Традиции чекистов от Ленина до Путина | страница 65



. Но ему не нравилось, как этот смысл передается в монологе старшего чекиста — слишком невозмутимо и прозаично, хотя речь идет о казнях людей: «Это драматичная сцена, она требует драматичного диалога… а не спокойного перечисления аргументов, доказывающих идею, что людей можно казнить и что это вполне простое дело»[452].

Поскольку все намеки на казнь женщины убрали, можно было вовсе не затрагивать эту тему в монологе старшего чекиста. В окончательной версии Алексея тревожат не жестокость и не сомнения о том, сумеет ли он смириться с ней, а опасения того, что не умеет распознавать врага, который так удачно маскируется.

Иными словами, его нравственное неприятие к некоторым моментам работы чекиста просто исчезло. В результате старший чекист теперь не оспаривает нравственные суждения Алексея, как он делал в предыдущих версиях сценария. Вместо этого он спокойно объясняет, что женщина — враг, и рассказывает о ее преступлениях. Он также объясняет, что чекистами становятся, а не рождаются, и убеждает Алексея остаться и продолжать работу в органах.

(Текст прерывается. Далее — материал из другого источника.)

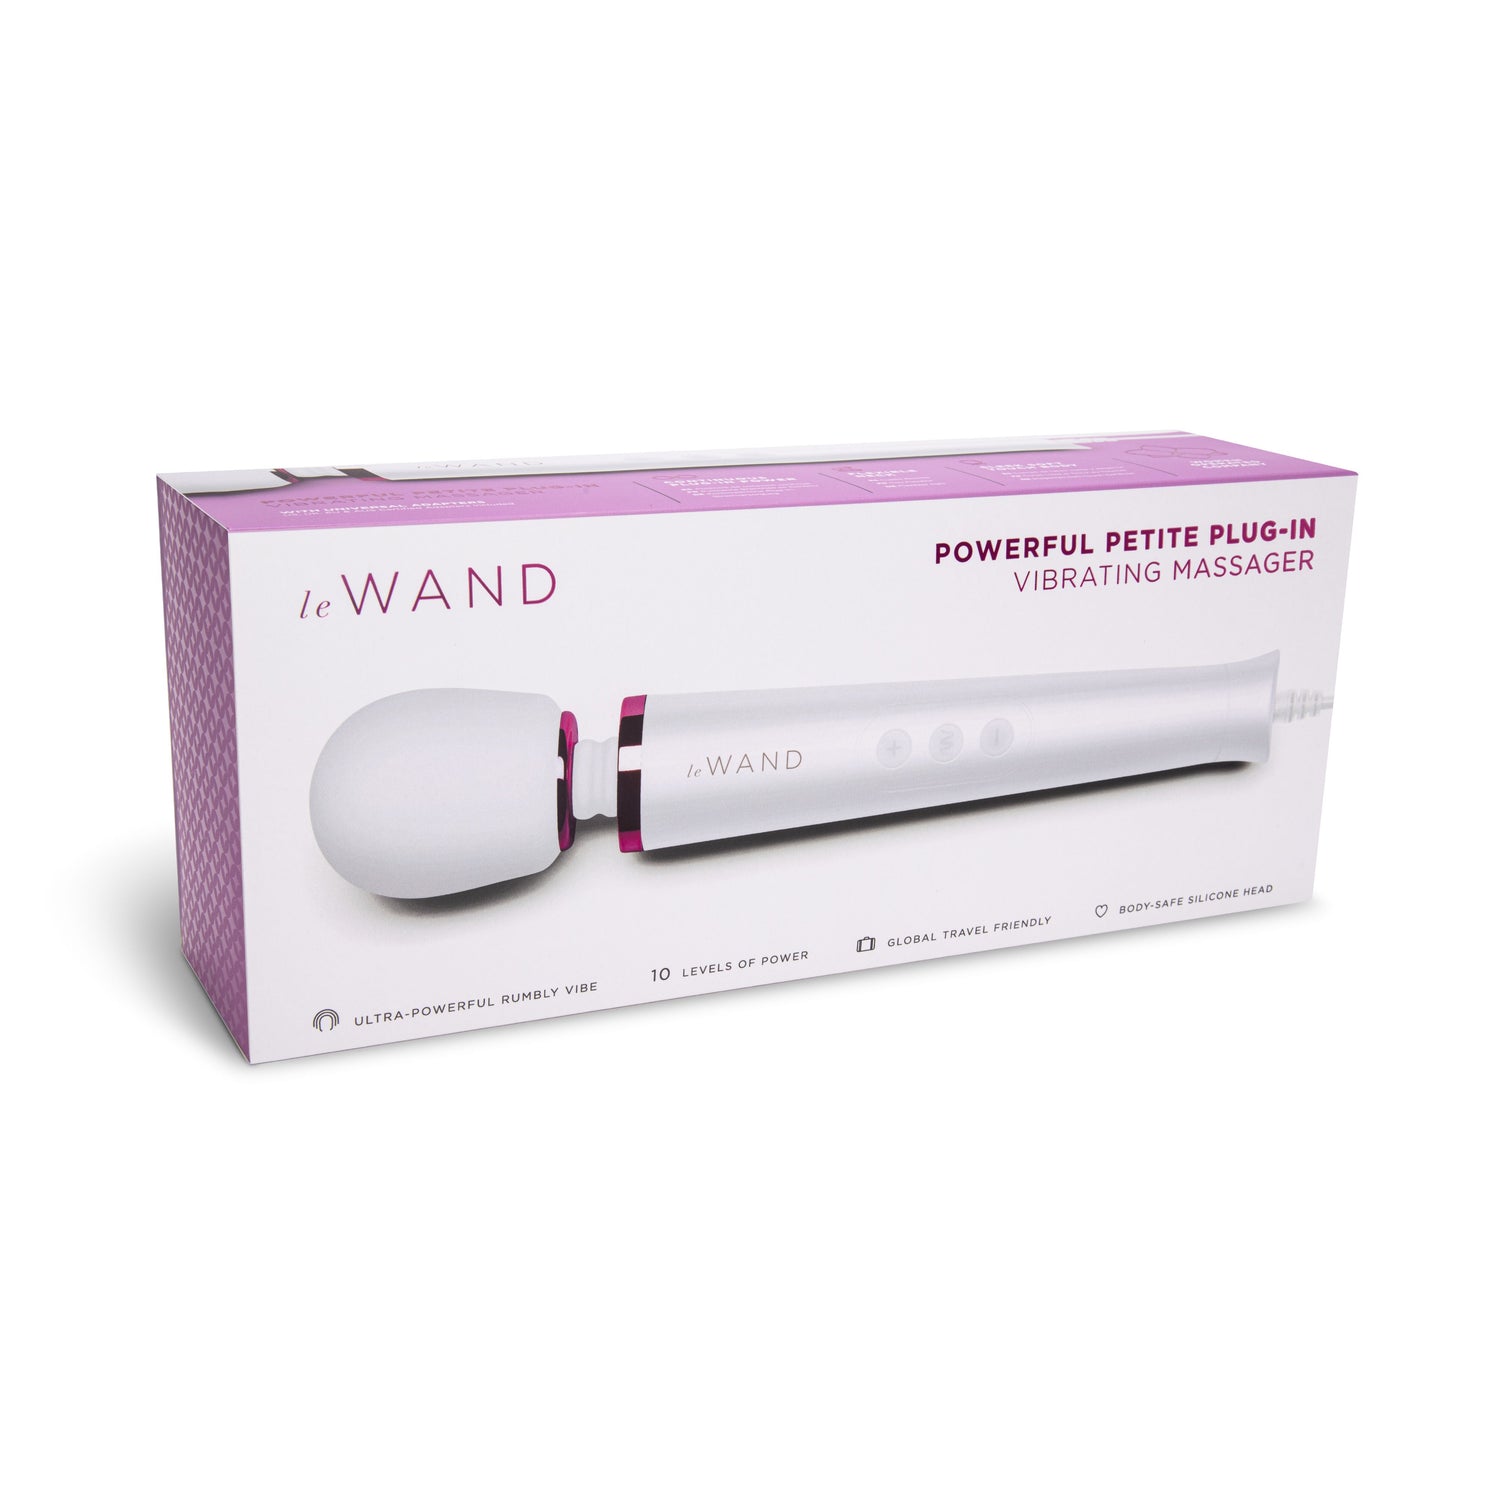 Le Wand Powerful Petite Plug-In - White*

В целом вся эта сцена вызвала немало тревог у худсовета и претерпела несколько изменений. Некоторые из них особенно характерны. В одной из версий этой сцены старый чекист объясняет Алексею: «Наш труд — сложная, грязная работа, как у уборщиц в отхожем месте». Слово «уборщицы» в документе подчеркнуто от руки, а «грязная» — двумя чертами[453]. Оба слова потом убрали, и в фильме этот монолог звучит так: «Работа чекиста — трудная, тонкая работа. И секрет в том, что ее нужно делать чистыми руками». Иначе говоря, авторы, пытаясь подобрать верные слова, в конечном счете вернулись к условностям культа Дзержинского. И теперь смысл этой сцены сводился к образу чистого, идеального чекиста.

Сложное в нравственном плане отношение Алексея к казни Дины было вычеркнуто подобным же образом. На декабрьском собрании 1962 года Вольпин предложил авторам «спасти идеологическую линию» фильма, заставив Дину пересмотреть свое отношение к белым и отречься от них[454]. Авторы выдвинули несколько предложений, и в итоге Дина, несмотря на то что ее обманывает Алексей, переходит на сторону большевиков и обращается в ЧК. Более того, ее жизнь находится в безопасности, поскольку Алексей ручается, что по натуре своей она человек хороший[455].

Решение проблемы Дины тоже зиждется на идеях доверия, совести и профилактики, что согласуется с новым образом КГБ, рассмотренным нами в предыдущей главе. Алексей лично обращается к Берзину по поводу Дины, ссылаясь на то, что «запуталась девчонка». Он говорит: «Товарищ Берзин, вы меня сами учили: чекисту ошибаться недозволенно. Но и в человека верить он обязан, правильно?» И Берзин соглашается решить эту проблему «по совести». Для Берзина «совесть» — это лозунг, под которым проходит и эта сцена, и допрос Гревенец, во время которого он взывает к ее «совести» и так убеждает сказать правду. Такой метод противопоставляется жестокости Илларионова, которая не приводит ни к чему.